Probabilistic Spatial Interpolation of Sparse Data using Diffusion Models (2506.00033v1)

Abstract: The large underlying assumption of climate models today relies on the basis of a "confident" initial condition, a reasonably plausible snapshot of the Earth for which all future predictions depend on. However, given the inherently chaotic nature of our system, this assumption is complicated by sensitive dependence, where small uncertainties in initial conditions can lead to exponentially diverging outcomes over time. This challenge is particularly salient at global spatial scales and over centennial timescales, where data gaps are not just common but expected. The source of uncertainty is two-fold: (1) sparse, noisy observations from satellites and ground stations, and (2) internal variability stemming from the simplifying approximations within the models themselves. In practice, data assimilation methods are used to reconcile this missing information by conditioning model states on partial observations.
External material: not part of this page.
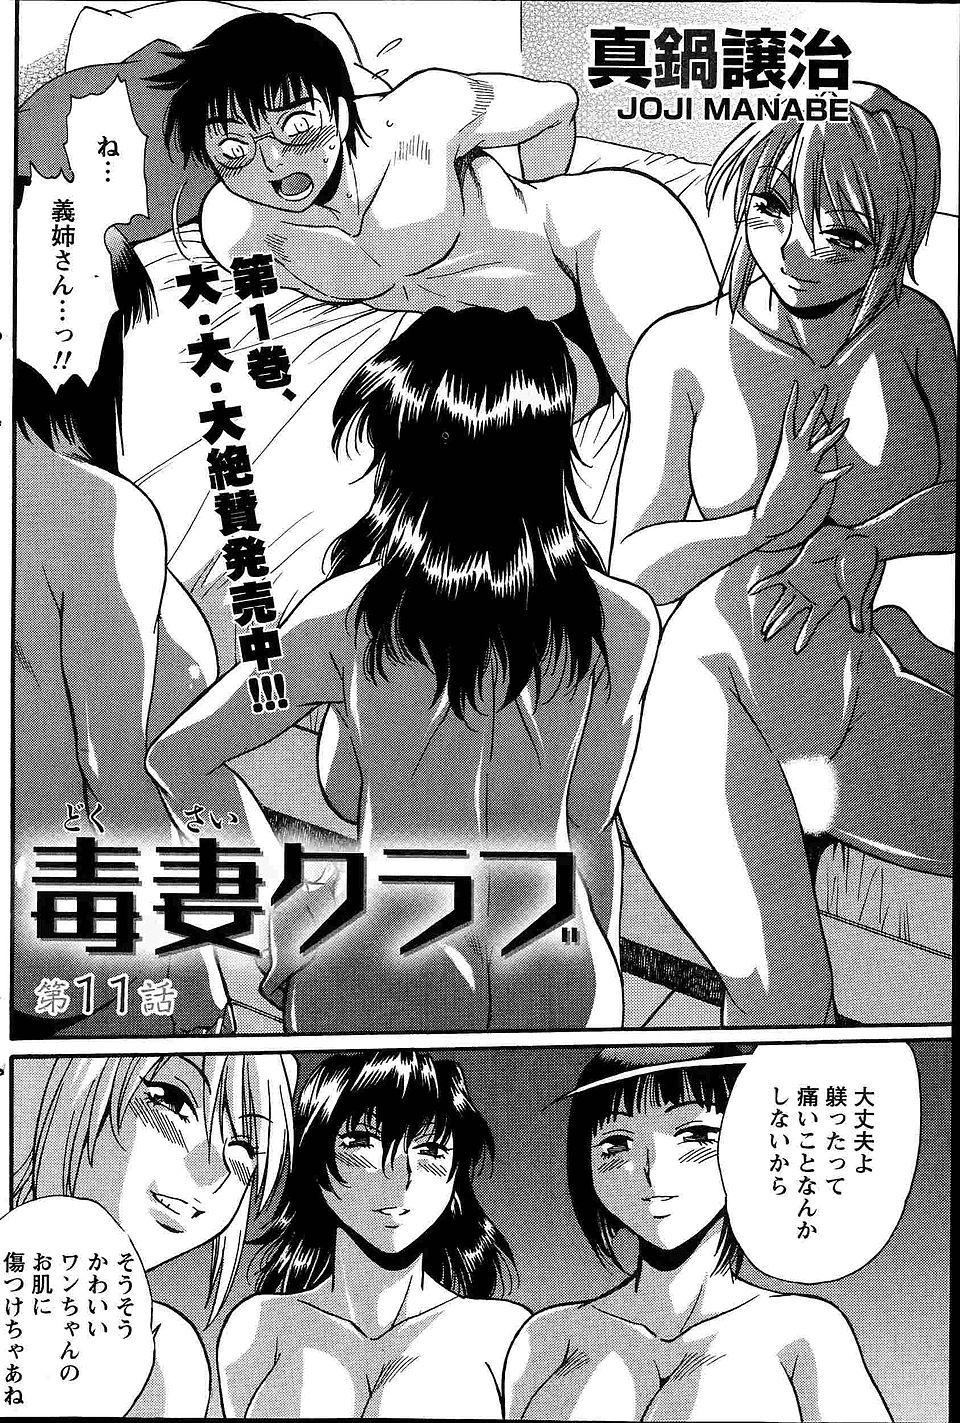 【エロ漫画】人妻のマンコをごりごりに犯して弄んでいた童貞男子が逆に奥様方に拘束されて4Pで肉棒奴隷になる♪【無料 エロ同人】

Our work builds on this idea but operates at the extreme end of sparsity. We propose a conditional data imputation framework that reconstructs full temperature fields from as little as 1% observational coverage. The method leverages a diffusion model guided by a prekriged mask, effectively inferring the full-state fields from minimal data points. We validate our framework over the Southern Great Plains, focusing on afternoon (12:00-6:00 PM) temperature fields during the summer months of 2018-2020. Across varying observational densities--from swath data to isolated in-situ sensors--our model achieves strong reconstruction accuracy, highlighting its potential to fill in critical data gaps in both historical reanalysis and real-time forecasting pipelines.